(Provided material)
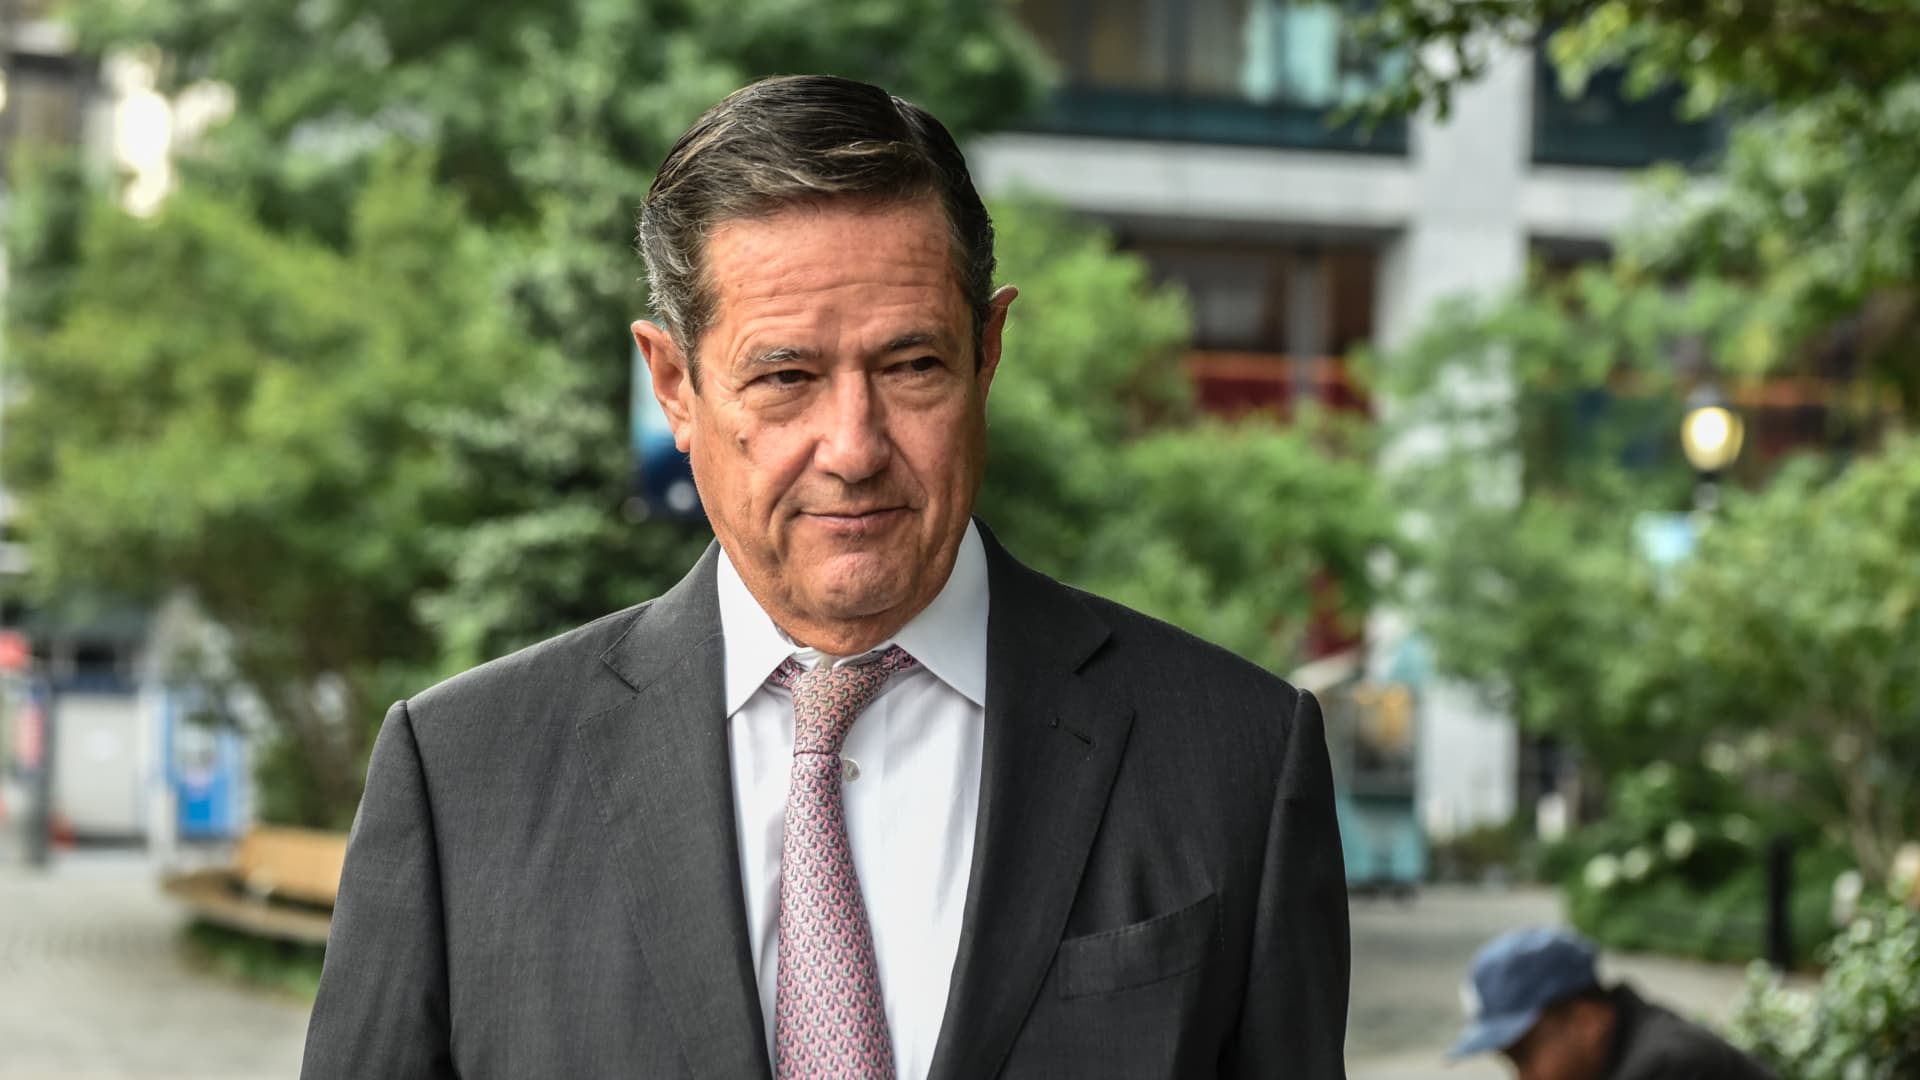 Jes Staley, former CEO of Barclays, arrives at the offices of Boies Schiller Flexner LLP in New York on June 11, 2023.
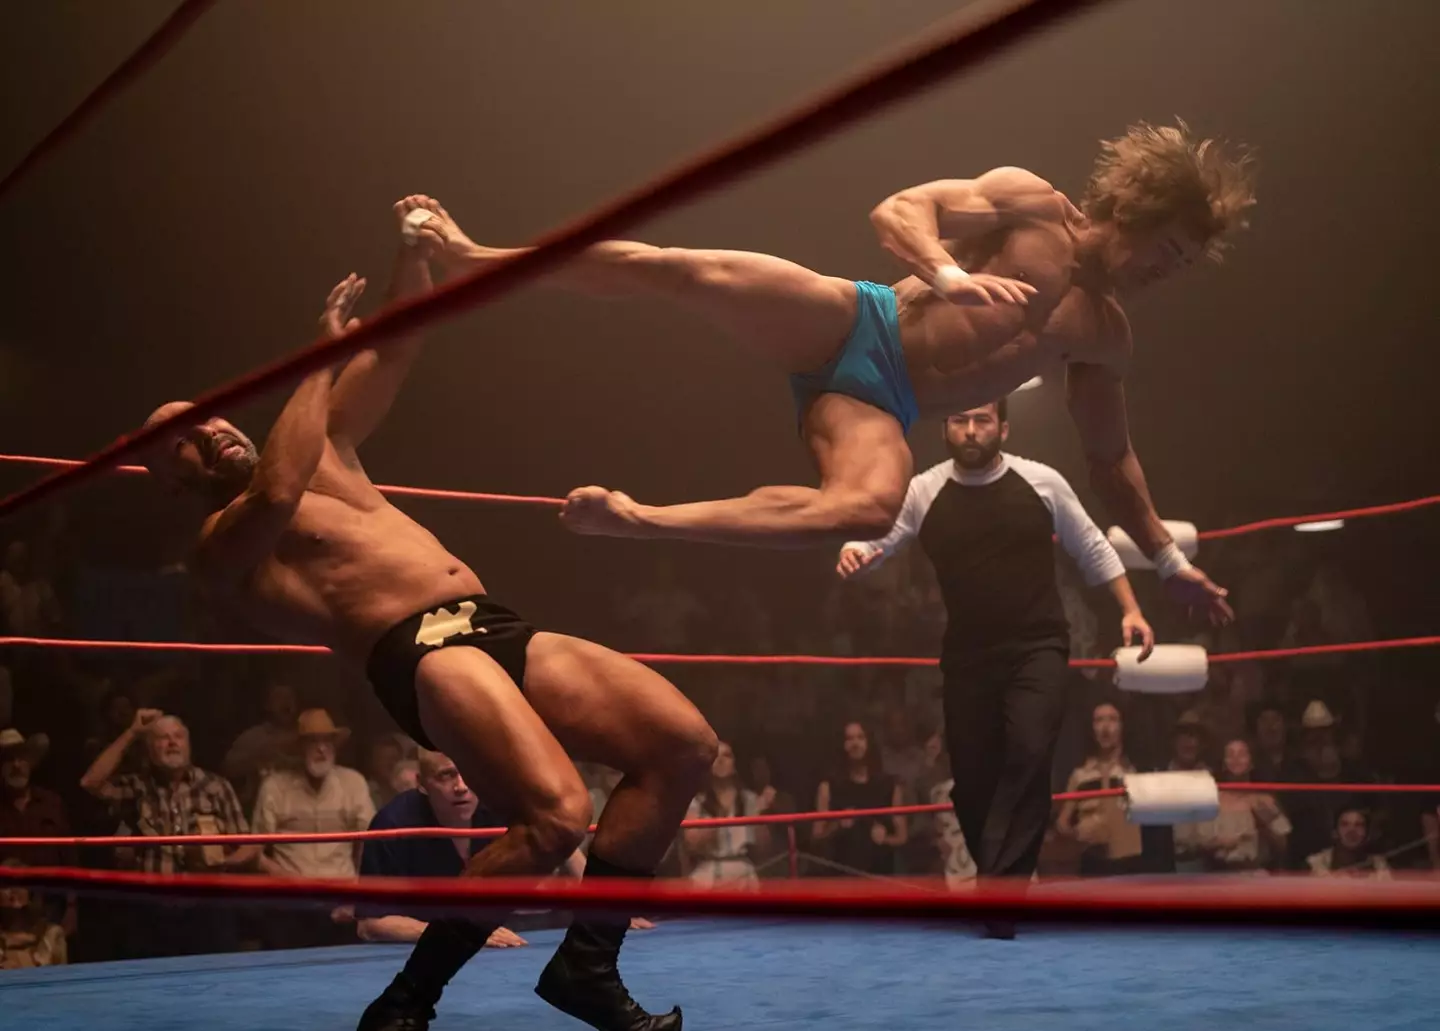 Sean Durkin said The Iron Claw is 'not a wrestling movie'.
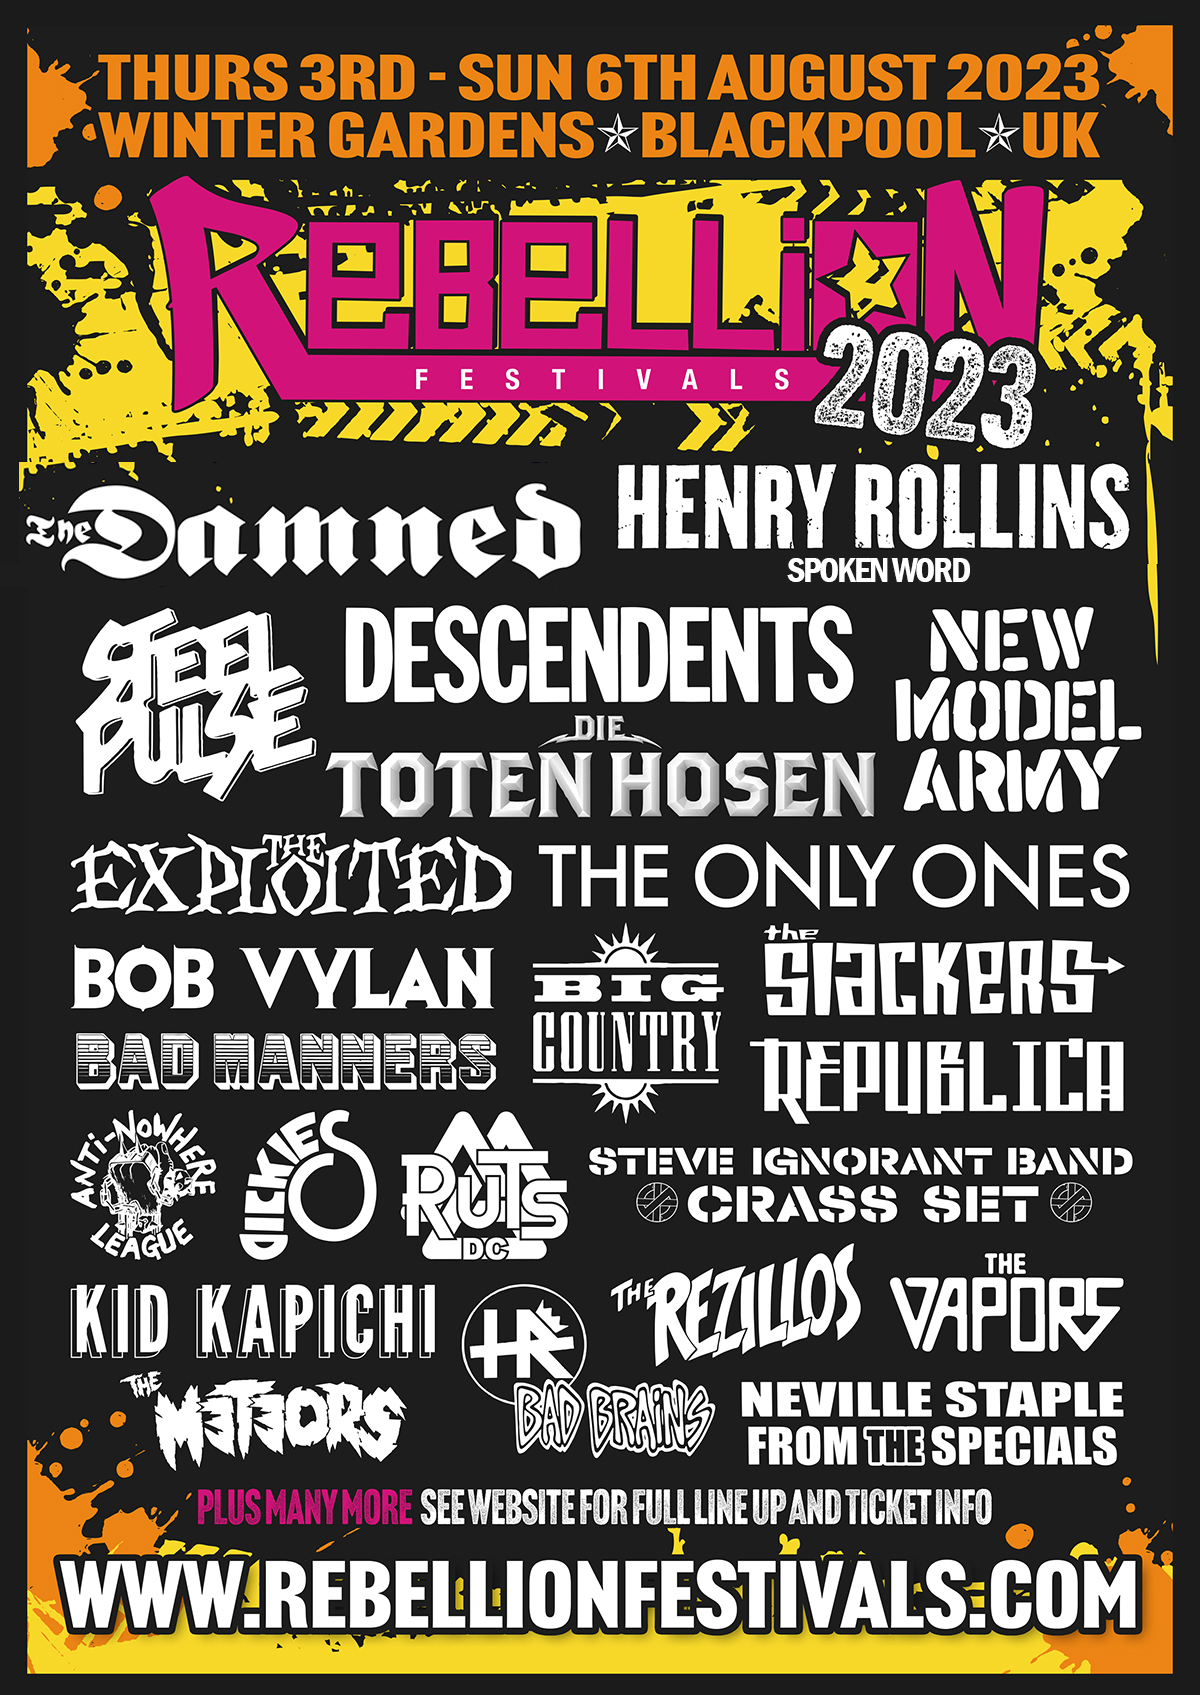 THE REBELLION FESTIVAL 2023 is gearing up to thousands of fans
(End Provided material)
Assignment — Give back the material word for word, leaving out its pictures.

Task response —
 Jes Staley, former CEO of Barclays, arrives at the offices of Boies Schiller Flexner LLP in New York on June 11, 2023.
 Sean Durkin said The Iron Claw is 'not a wrestling movie'.
 THE REBELLION FESTIVAL 2023 is gearing up to thousands of fans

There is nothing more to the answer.